__Task description__:
All of the listing should be output exactly, apart from the pictures.

__Source data__:
● ● ●

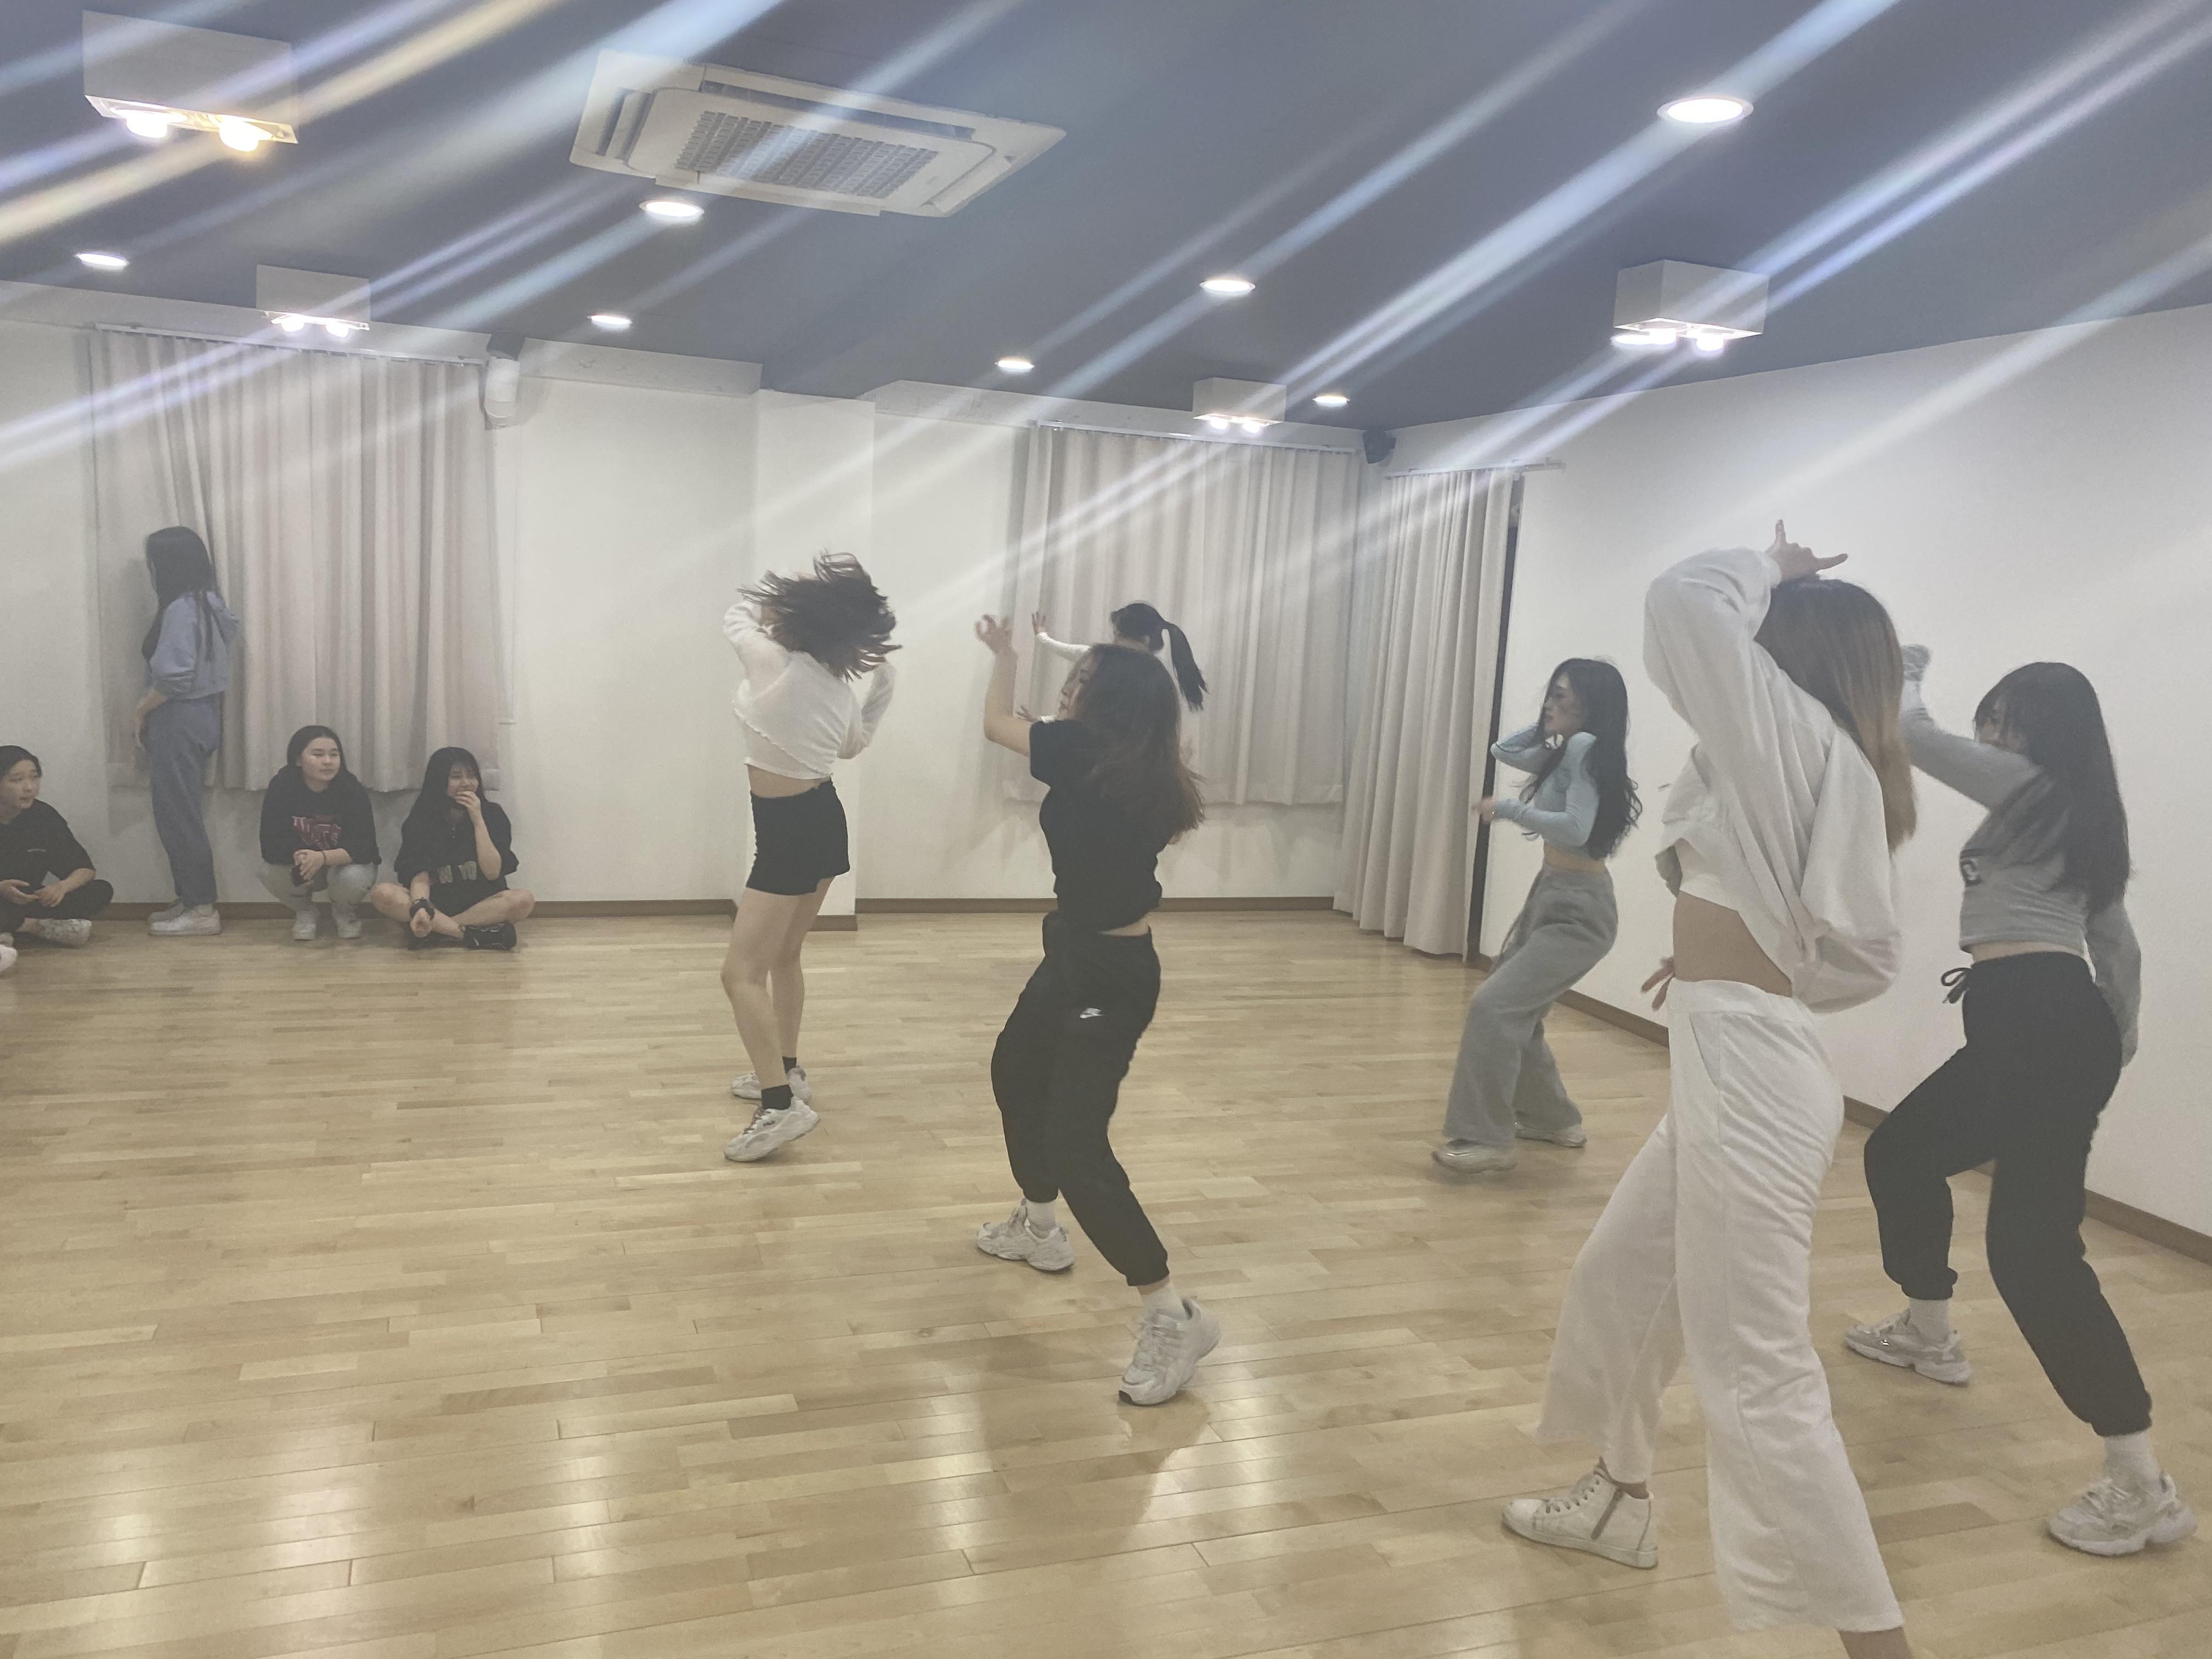 범키 - 미친연애 (feat. E-sens)
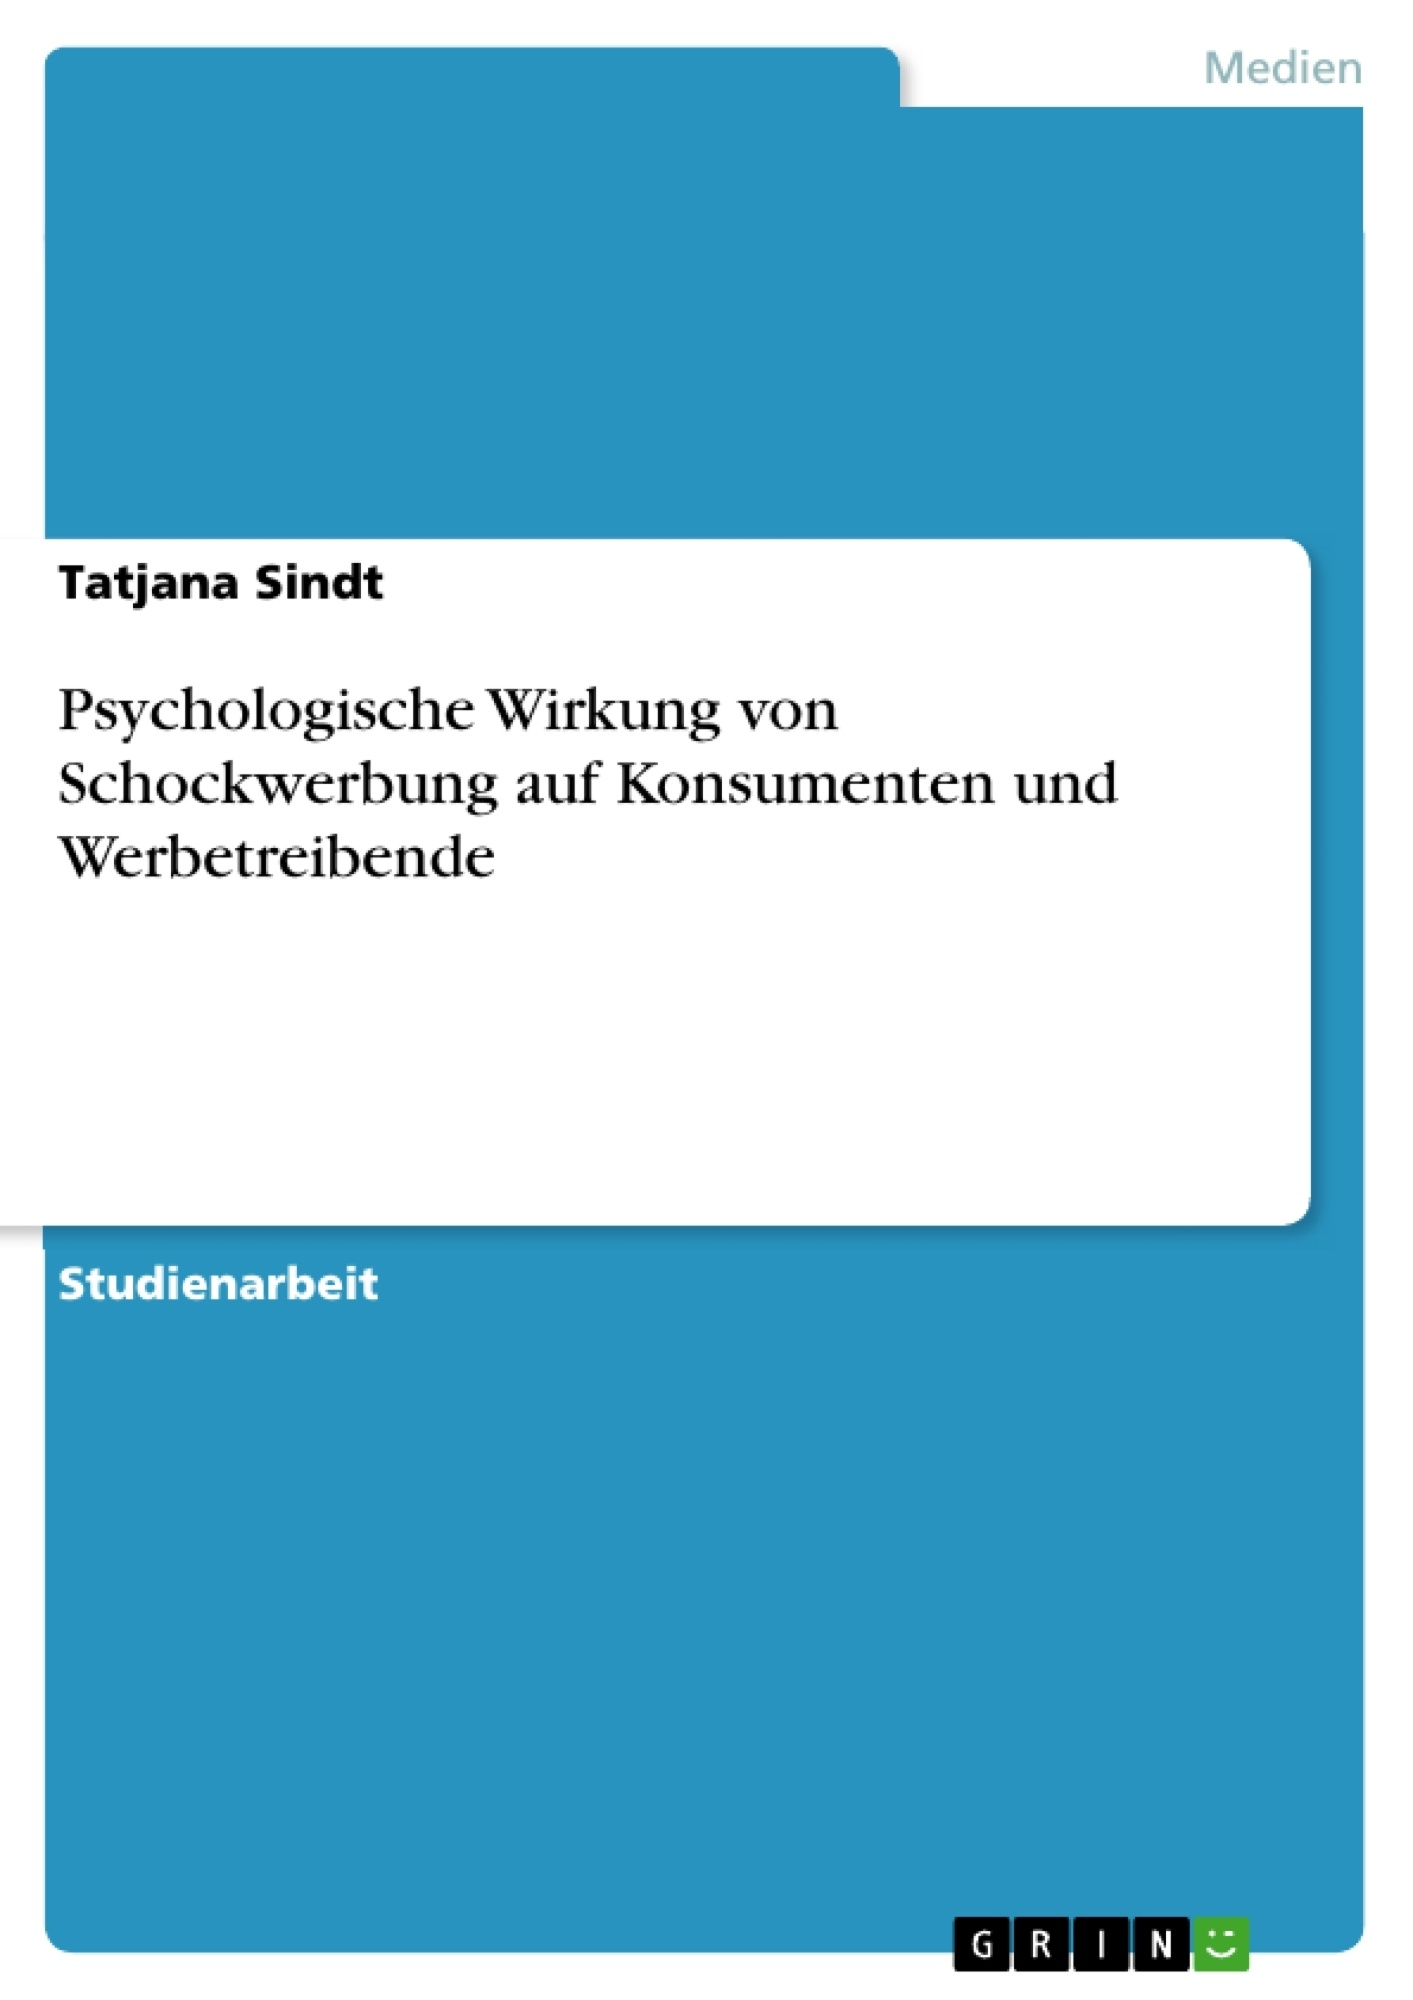 Titel: Psychologische Wirkung von Schockwerbung auf Konsumenten und Werbetreibende
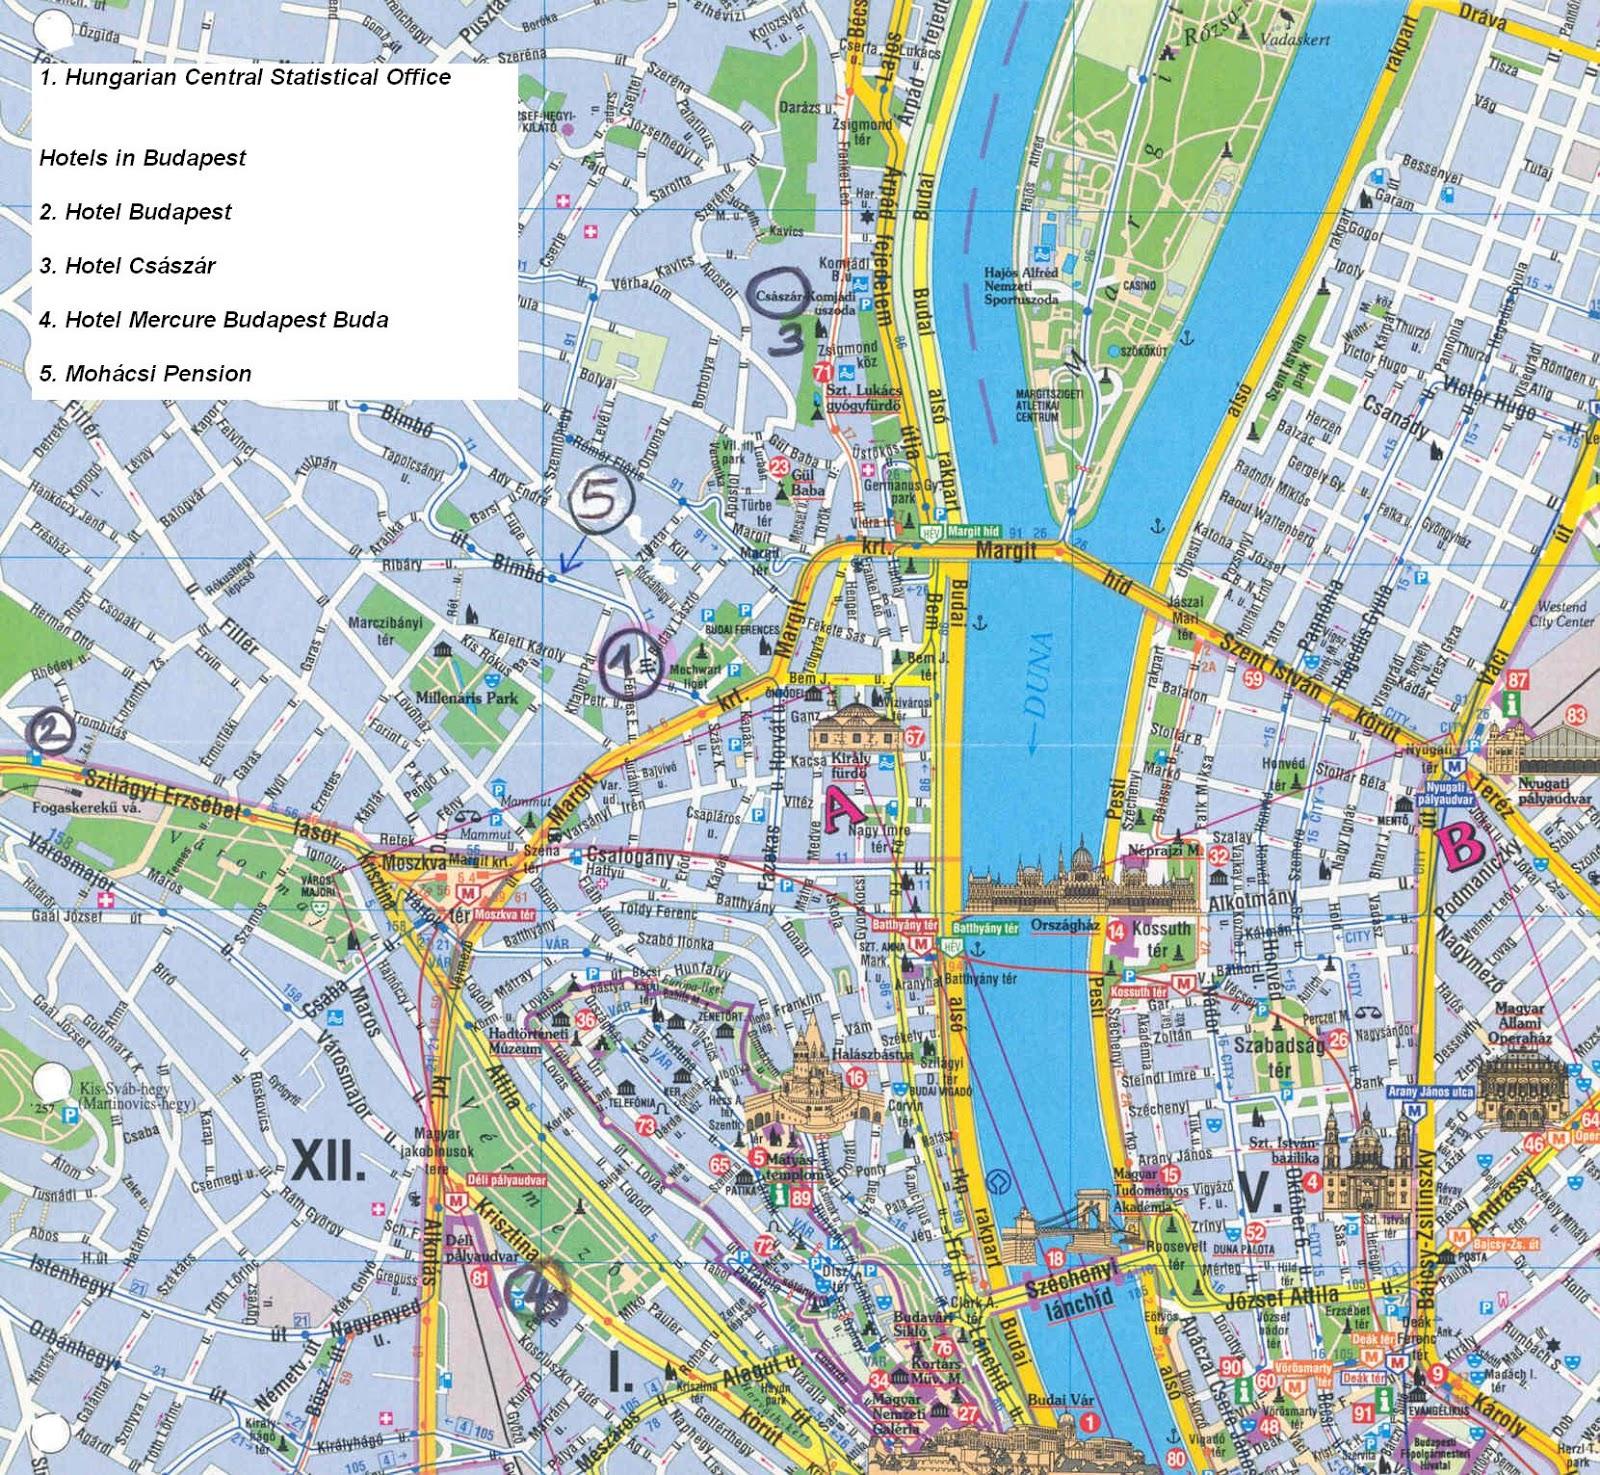 mapa budapeste Mapas de Budapeste   Hungria | MapasBlog mapa budapeste

● ● ●

__Response__:
 범키 - 미친연애 (feat. E-sens)
 Titel: Psychologische Wirkung von Schockwerbung auf Konsumenten und Werbetreibende
 mapa budapeste Mapas de Budapeste   Hungria | MapasBlog mapa budapeste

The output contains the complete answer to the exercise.